# Patio Door... Inside.. Any ideas?



## flipjarg (Nov 29, 2008)

Hello, my wife and I live in a condo which was, at one point an single house. There were several additions. The patio was turned into a room. Now we have a very cool looking room with brick on several walls but there is a patio door inside the house. We do not know what to do with it.

We purchased this paper, kind of like wallpaper, that has tape on one side. But the windows are slightly larger then the average window (The house was built in 69' or 70') so that won't work.

We are thinking of painting the glass. Has anyone done this with such a large window. It doesn't have to look great because we are going to cover the window with curtains as well. We definitely want to use the door still but want to allow our guests to have privacy when they stay with us.
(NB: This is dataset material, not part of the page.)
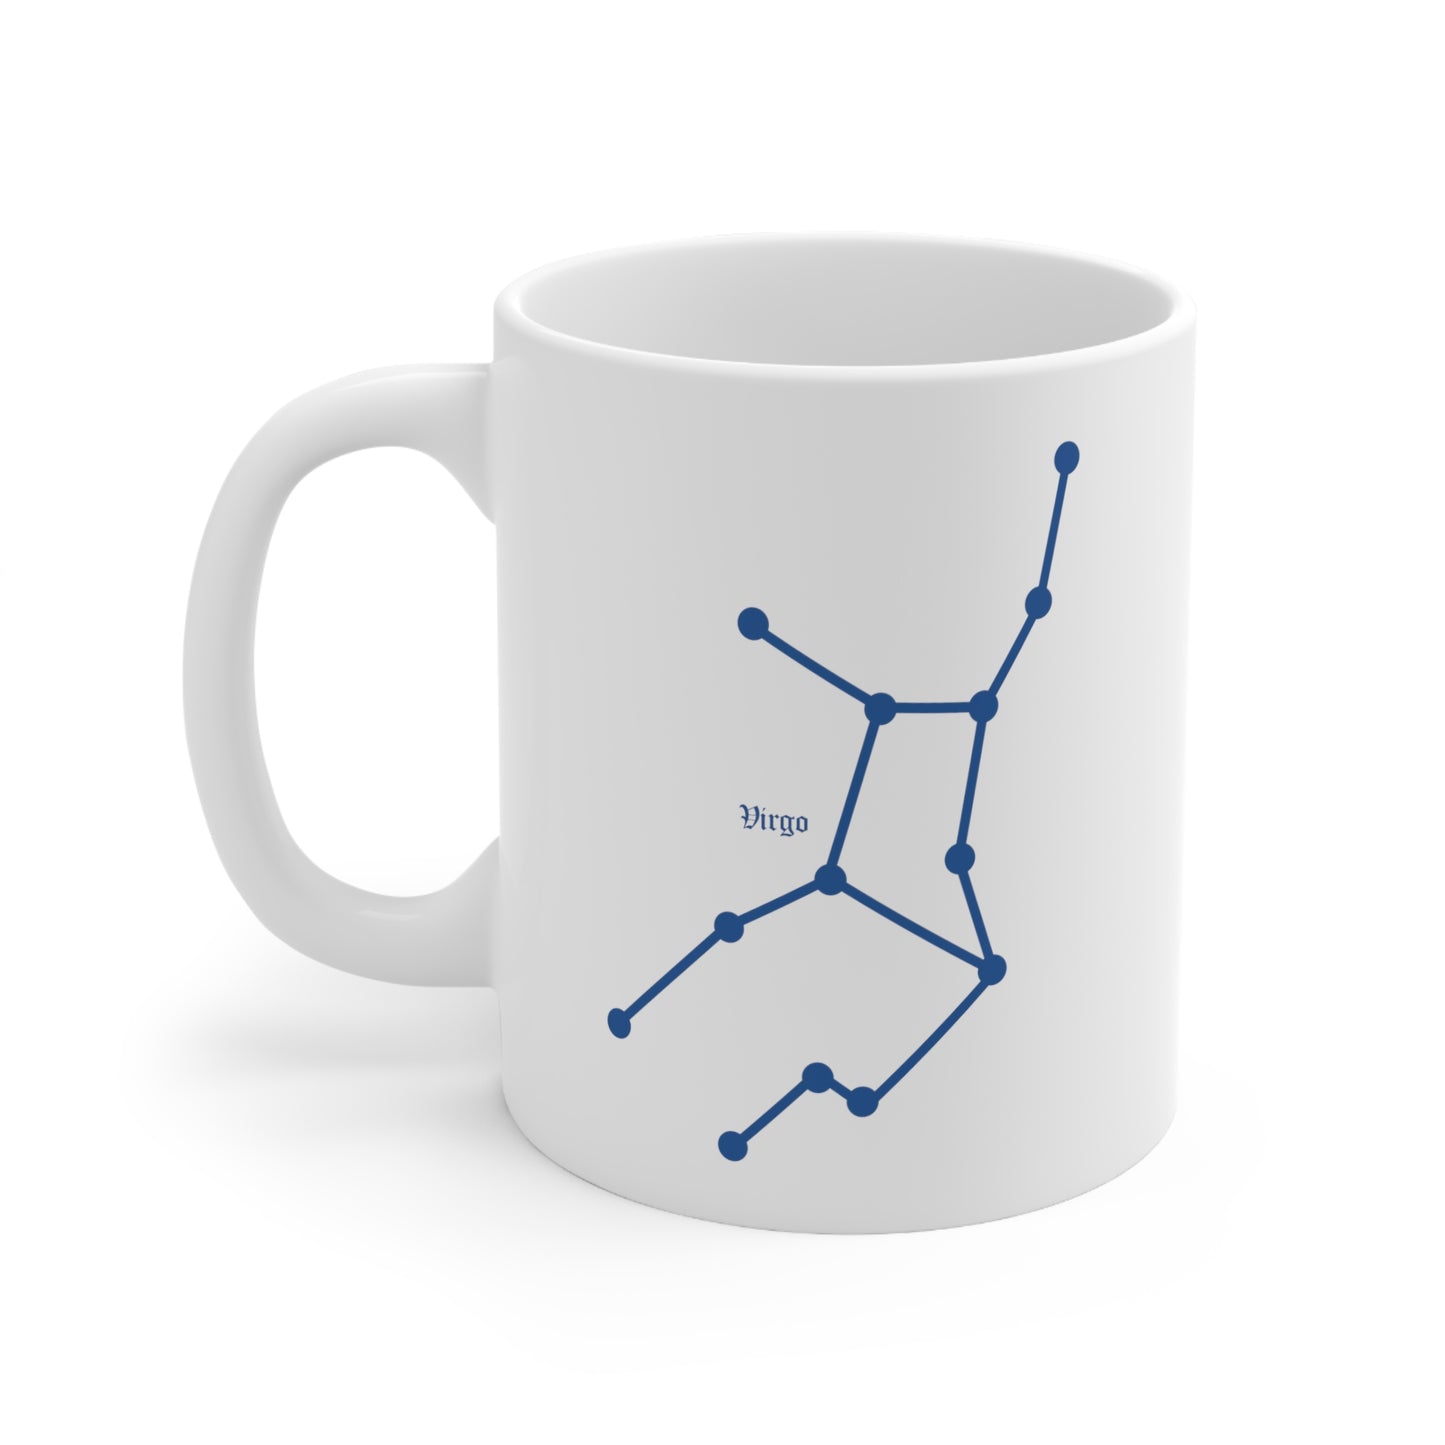 Virgo Constellation Mug

The door leads to our second bed room.

Any ideas or suggestions are appreciated. Thanks!


----------



## rselectric1 (Oct 12, 2009)

There is window tint available at some big box stores.
Basically you wet the window and squeegee the bubbles out. This will give you a mirror appearance on the outside and a tinted window appearance from the inside.


----------



## DangerMouse (Jul 17, 2008)

orrrrr....

http://www.rustoleum.com/CBGProduct.asp?pid=106

DM


----------



## flipjarg (Nov 29, 2008)

*Woah!*

Both are great ideas. I am going to use the tint idea on another spot of my house but the Rust-Oleum spray is exactly what I had pictured! Thanks for the link and input, all!

Got solutions to two separate problems! :thumbup:

UPDATE: For anyone who comes across this post looking for a similar solution, here is a picture of the Rust-Oleum spray: http://nuxx.net/gallery/v/aroundthe...window/IMG_2698.jpg.html?g2_imageViewsIndex=2


----------



## DangerMouse (Jul 17, 2008)

i thought it might help too if the door let light in from outside when the curtains are opened.

DM


----------



## Gary in WA (Mar 11, 2009)

Before I bought some window privacy tint for my van windows I did the poor man's tint -- car wax, don't buff it off, put it on the inside. If it doesn't cover enough, add a second coat. Unlike some fogging sprays, just add new wax to remove.

Be safe, Gary


----------



## flipjarg (Nov 29, 2008)

GBR in WA said:


> Before I bought some window privacy tint for my van windows I did the poor man's tint -- car wax, don't buff it off, put it on the inside. If it doesn't cover enough, add a second coat. Unlike some fogging sprays, just add new wax to remove.
> 
> Be safe, Gary


That sounds like something I might try on my garage windows. The neighbors across from me (the mayor and his wife) make me very uncomfortable. I do a lot in my garage at my workbench.


----------



## DangerMouse (Jul 17, 2008)

in the garage or van, cool idea, but in a traffic area cloudy with a chance of possible kids....
they'd likely use it for a chalkboard.... lol ....little smiley faces all over the door.

DM


----------



## Blondesense (Sep 23, 2008)

rselectric1 said:


> There is window tint available at some big box stores.
> Basically you wet the window and squeegee the bubbles out. This will give you a mirror appearance on the outside and a tinted window appearance from the inside.


This is also available online in quite a variety of colors and patterns. Try googling "window film".


----------



## ckstjamj22 (Oct 29, 2007)

I've used the Rustoleum spray frost product and I wouldn't consider it to be permanant. I used it on a mirror and it's now wearing off.


----------



## lighting lady (Oct 14, 2009)

Have you seen this stuff, very easy to use and you can get it in a privacy film. http://www.wallpaperforwindows.com/pc/Privacy-Window-Film-c48.htm


----------